WHAT THE TASK ASKS => Reproduce all the lines below exactly and omit the images.

AVAILABLE DATA =>
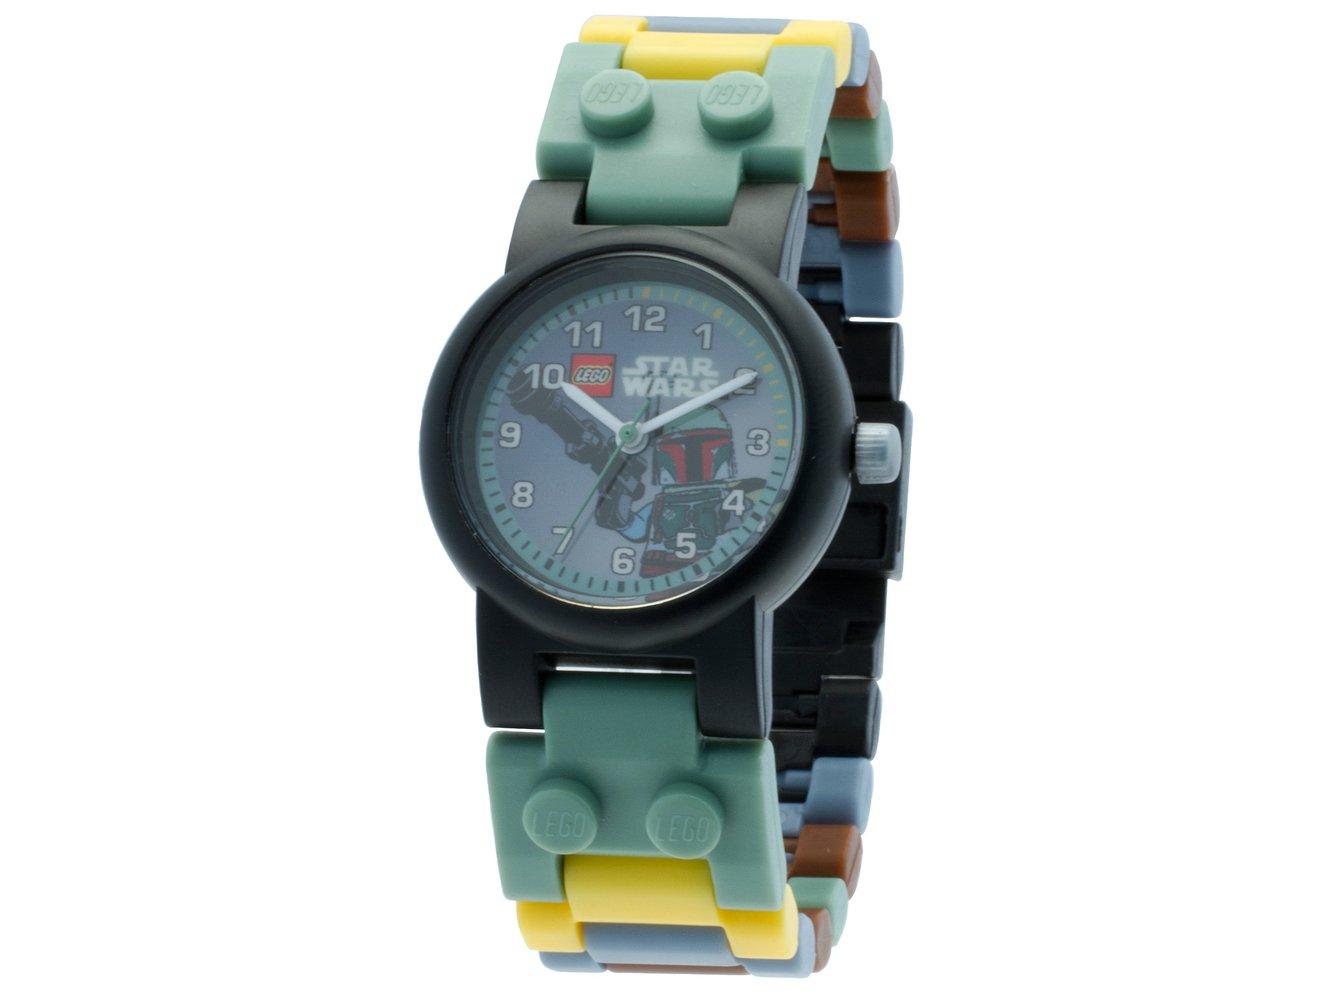 Boba Fett Minifigure Watch
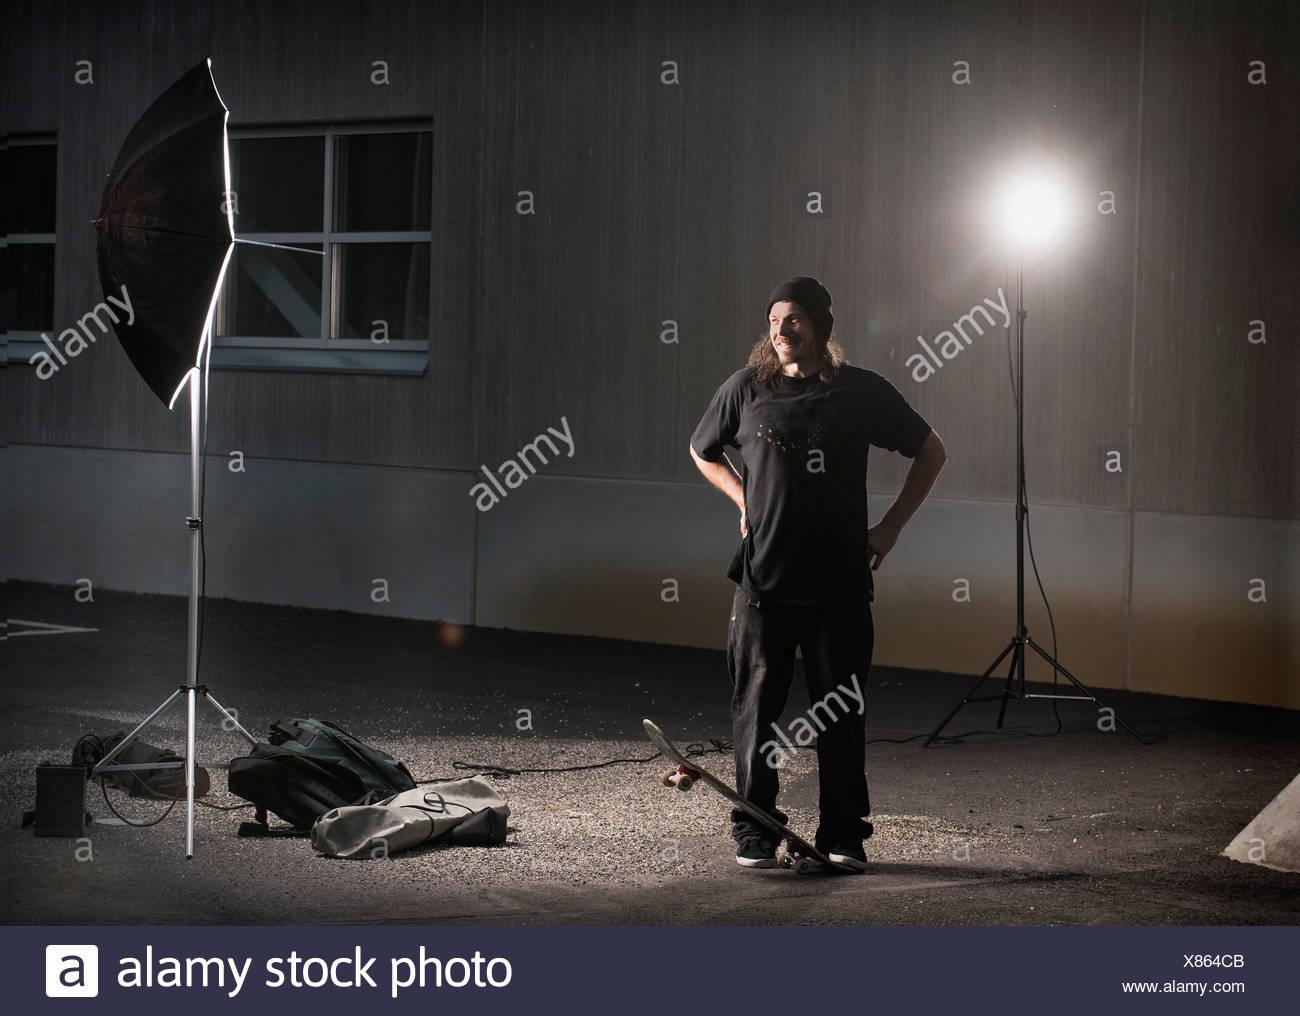 Skater standing under photo lights - Stock Image
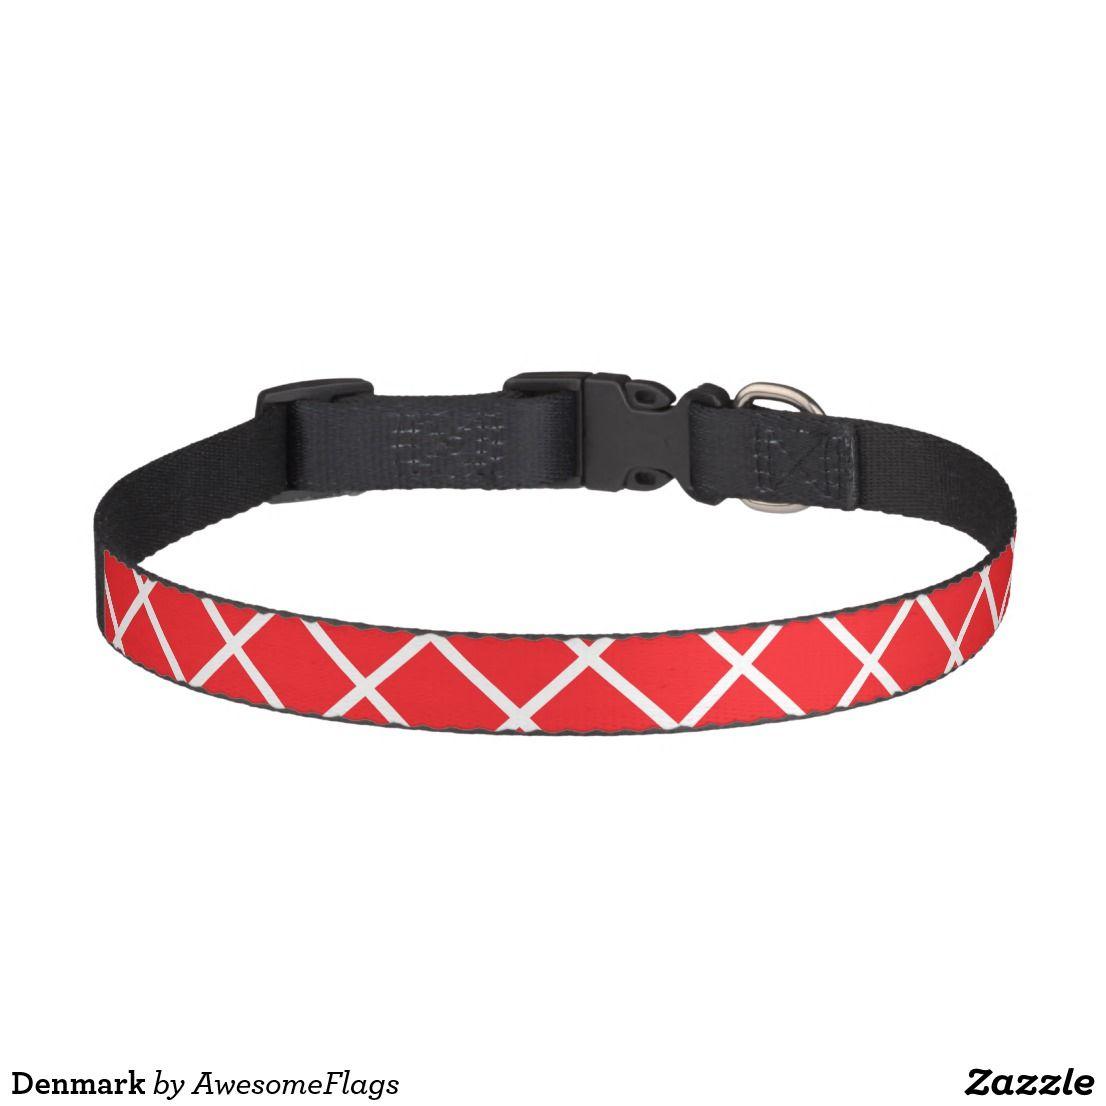 Denmark Pet Collar Zazzle.co.uk Pet collars, Pets
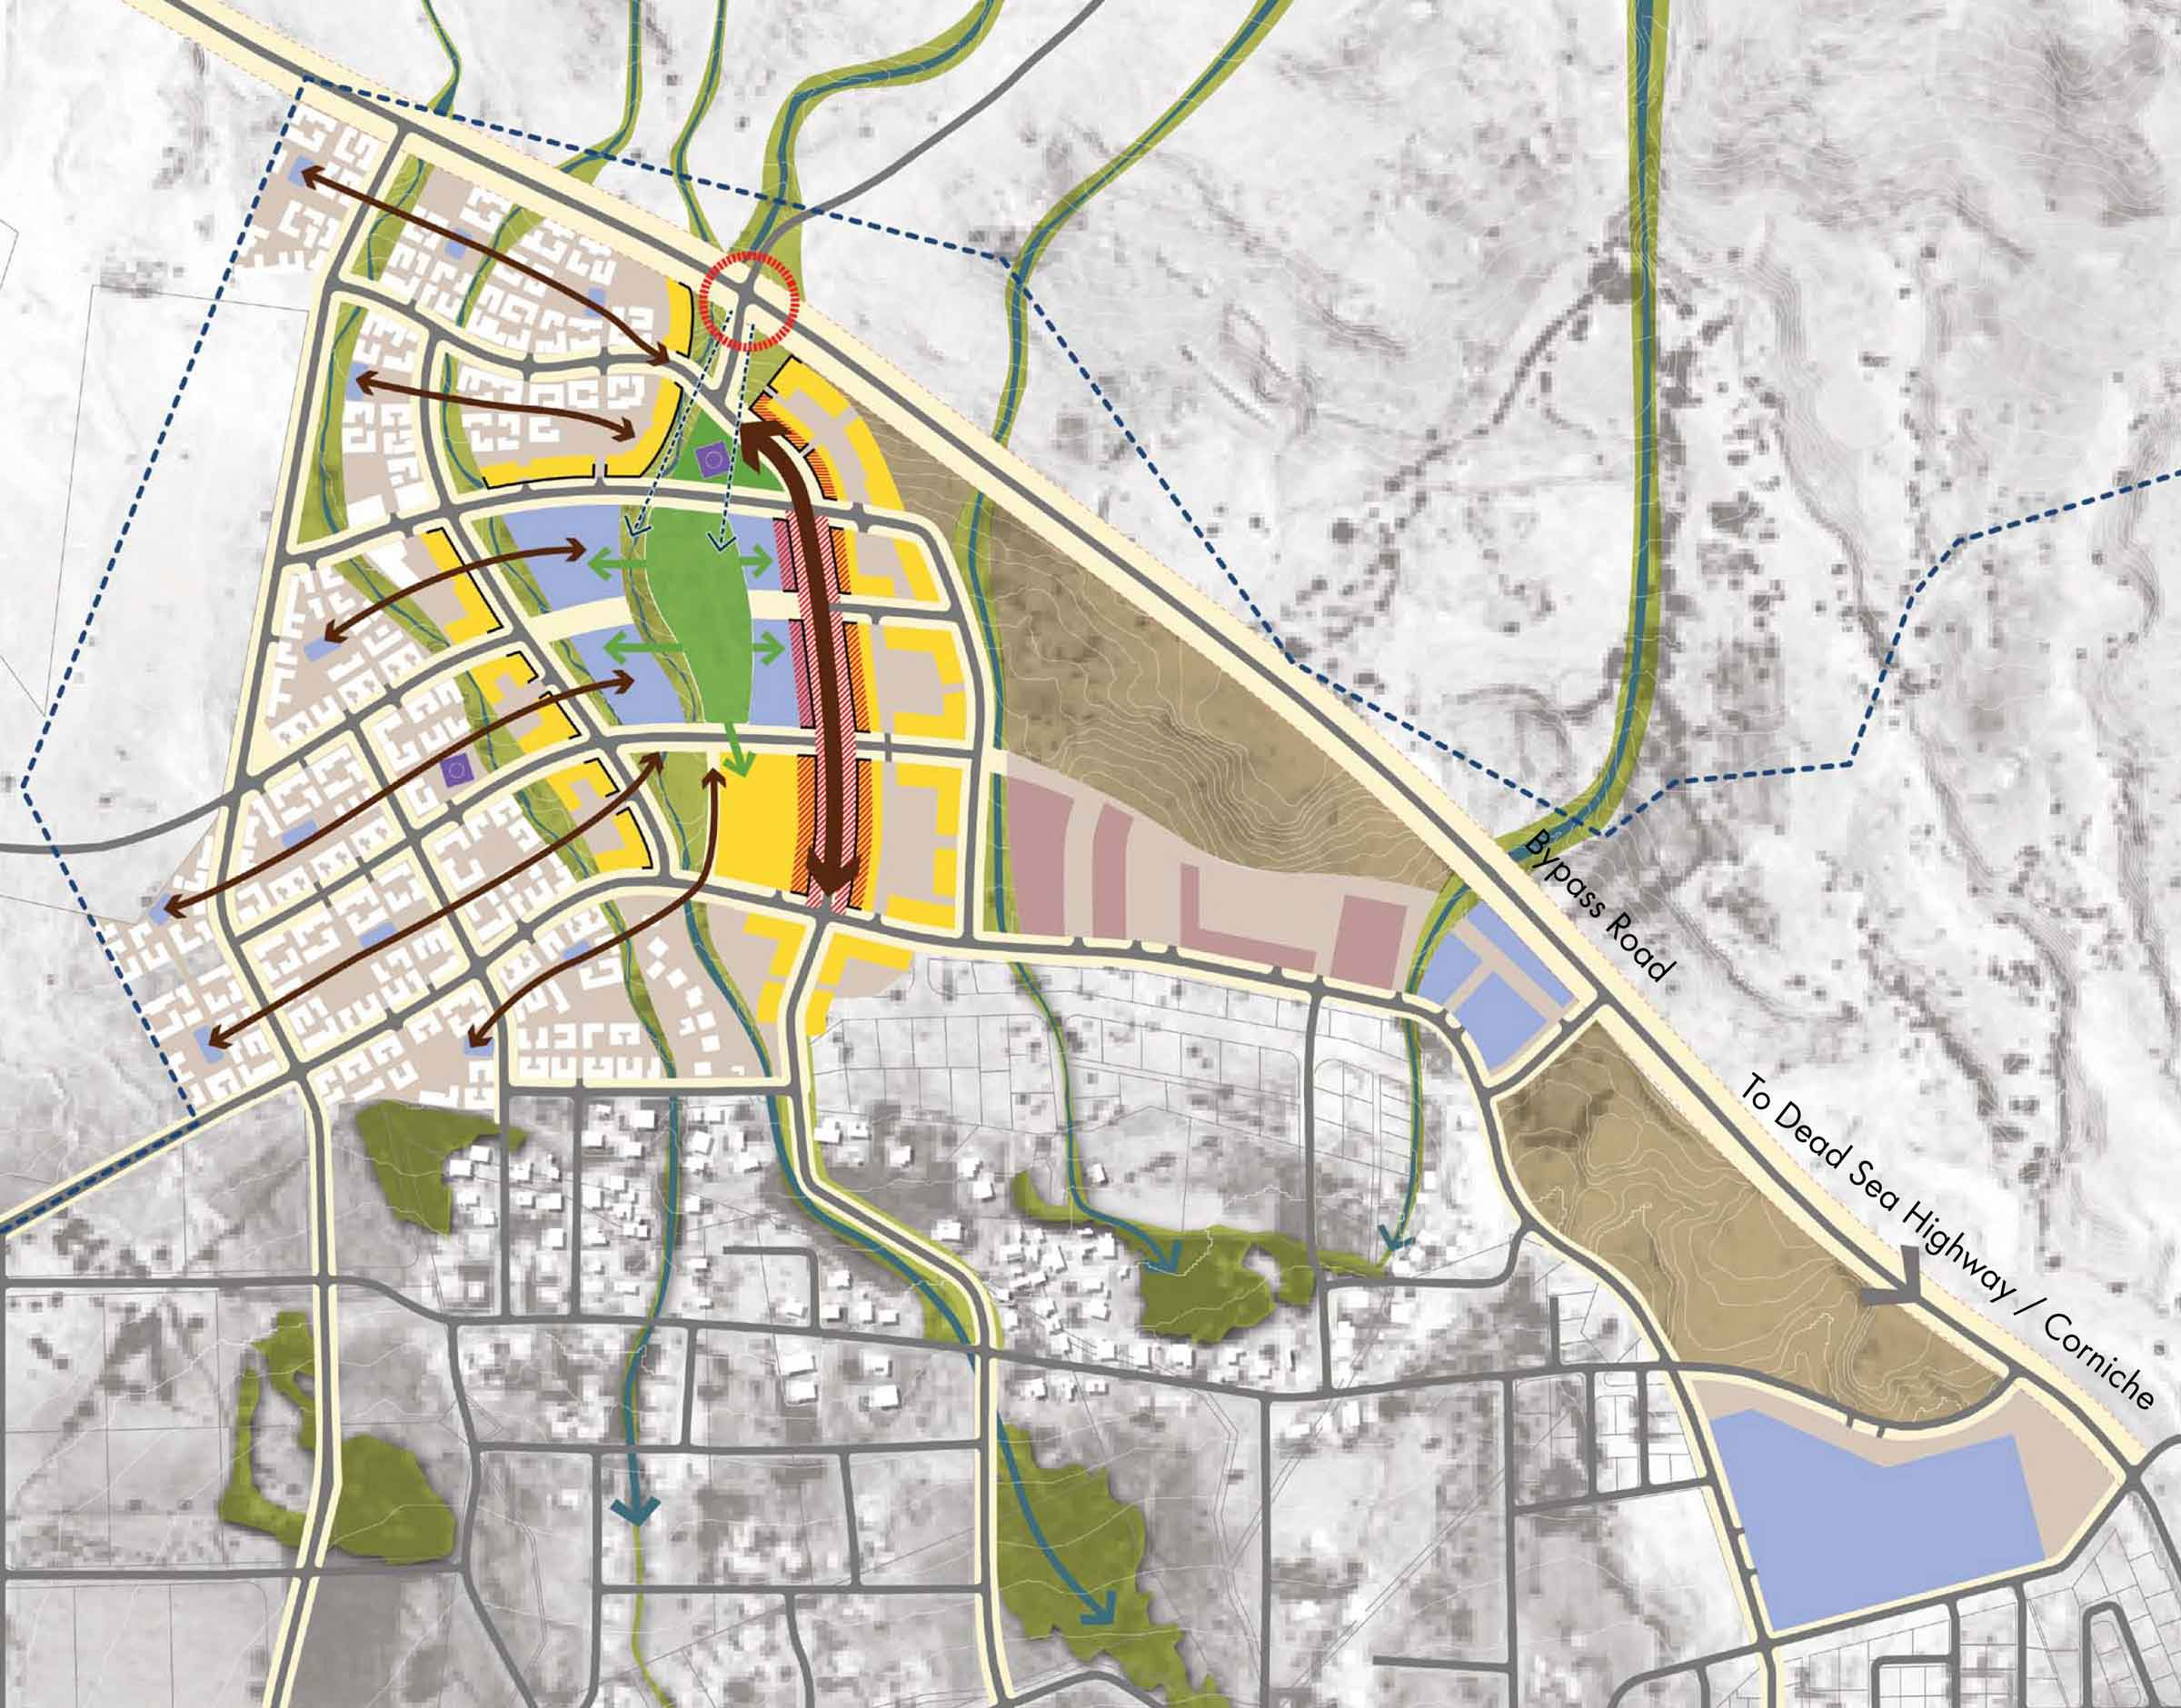 Detail from Sweimeh Urban District concept plan. Image courtesy Sasaki Associates.

ANSWER TO THE PROBLEM =>
 Boba Fett Minifigure Watch
 Skater standing under photo lights - Stock Image
 Denmark Pet Collar Zazzle.co.uk Pet collars, Pets
 Detail from Sweimeh Urban District concept plan. Image courtesy Sasaki Associates.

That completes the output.